Nowadays, I’ve outgrown the fear of cooties, but boys do still have an uncomfortable love of squishy things. All kinds of squishy things. Mud and lots of it. Playdoh (I can handle that one, I even made some homemade the other day with their requested colors). Food in its various stages of being chewed and viewed. And the worst, worst, worst for me: lizards, frogs and snakes. I have an almost pathological fear of living squishy things, and that is a really, really difficult fear to have when you live on an island surrounded by marsh. We see all kinds of squishy things around here. And my boys love to scare me with them. Let me back up and say that they do not use live critters to scare me with. I cannot tell you how many times I’ve gone to turn down the bed and had some kind of plastic floppy critter jump off the sheet at me or go to turn on my lamp and have a large, squishy plastic tarantula land on my hand. It’s amazing my heart hasn’t stopped yet. My husband thinks it’s hysterical. I’ve threatened them with grave seriousness not to ever put a live frog, snake, lizard or anything else in my bed. I think I would have to move. Seriously.
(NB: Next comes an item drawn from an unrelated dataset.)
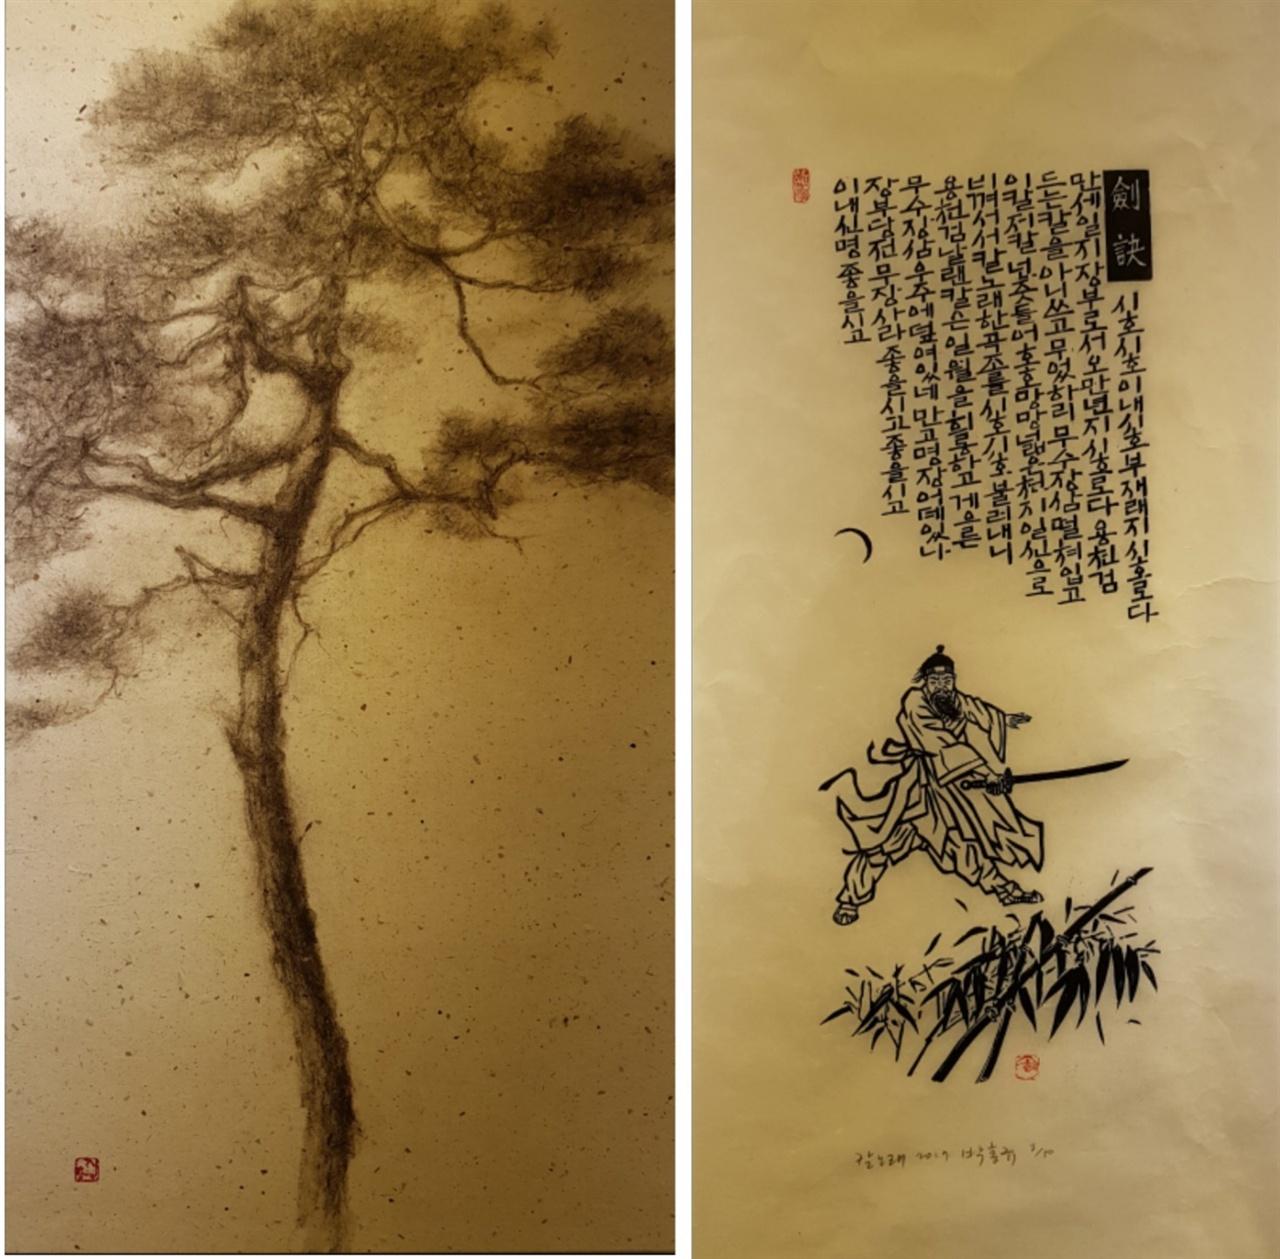 좌 : 양상용.  소나무.  52x92cm.  장지에 수묵 / 우 : 박홍규,  칼노래(검결). 38x95cm. 목판화
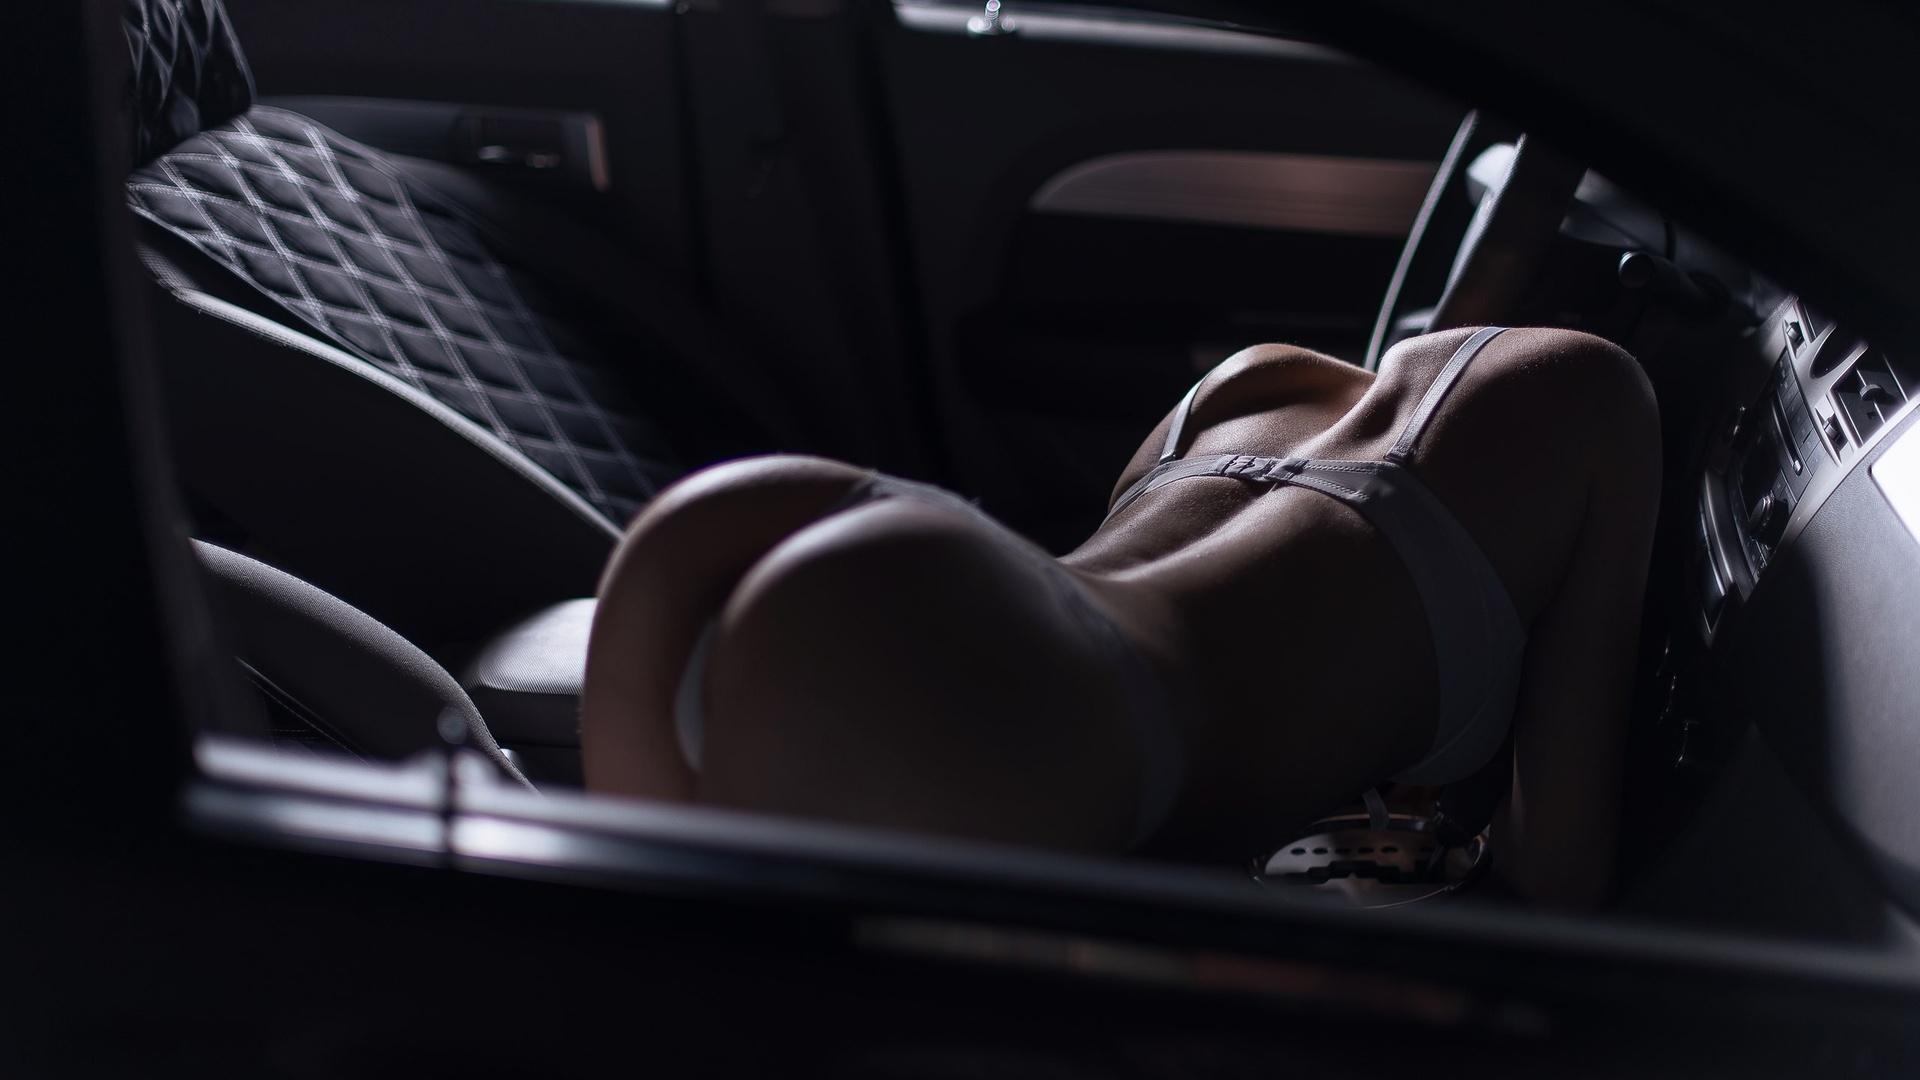 anton vladimirovich, девушка, секси, позиция, авто

I’ve blogged about the ongoing debate over whether Curious George is a monkey or a “chipmanzee.” It continues to this day. And I’ve also blogged about the many things I do not know, but which a certain 8-year-old boy just needs to know. Speaking of needing to know, we’ve had to hide the screwdrivers around our house. That same 8-year-old is immensely fascinated with how things work, and if given half a chance, he’ll take anything apart just to see what’s inside. Both boys get to go to Camp Invention next week. This is right up their alley. It is sponsored by the National Inventors Hall of Fame Foundation and one of the things they get to do is take an old, unusable appliance and take it apart and make something with it.

Another interesting thing about boys that shouldn’t surprise me but does make being their mom an interesting exercise in judicious refereeing is that everything is a competition. I mean everything! Who got their teeth brushed fastest without mom sending them back to do it again, who gets in the car first, who passes who on their way up the stairs, who can make Boo laugh the loudest, who can burp the loudest, who smells the worst (don’t ask), and just about anything else becomes a World War III level competition around here if we aren’t paying close enough attention to how quick the “happy noises” become “I’m going to kill my brother” noises and step in to referee.

I do think that little boys do not have a “clean-up gene” anywhere in their body. It isn’t that they particularly want to defy me by not helping keep the clutter picked up. I really believe they just do not see it. I will sort, wash and fold the laundry and put the basket suggestively next to the stairs. They have been asked countless times to take their clothes upstairs and put them in the dresser (we have to be specific) when they see this arrangement, but that basket will sit there in their path for days – until I’m ready to do laundry again if I don’t let Evil Mom-Lady come out and use that tone of voice with them. The typical response? “There are clothes in the basket?”

They also don’t seem to know what a trash can is for. I watched M drop a candy wrapper on the floor and said, “M, where does that go?” He gave me this totally incredulous look like he had no idea how that had happened and said, “Oh!” and took it to the trash can as if I’d just told him something he’d never even thought of before. This is almost a daily occurrence with one or both boys.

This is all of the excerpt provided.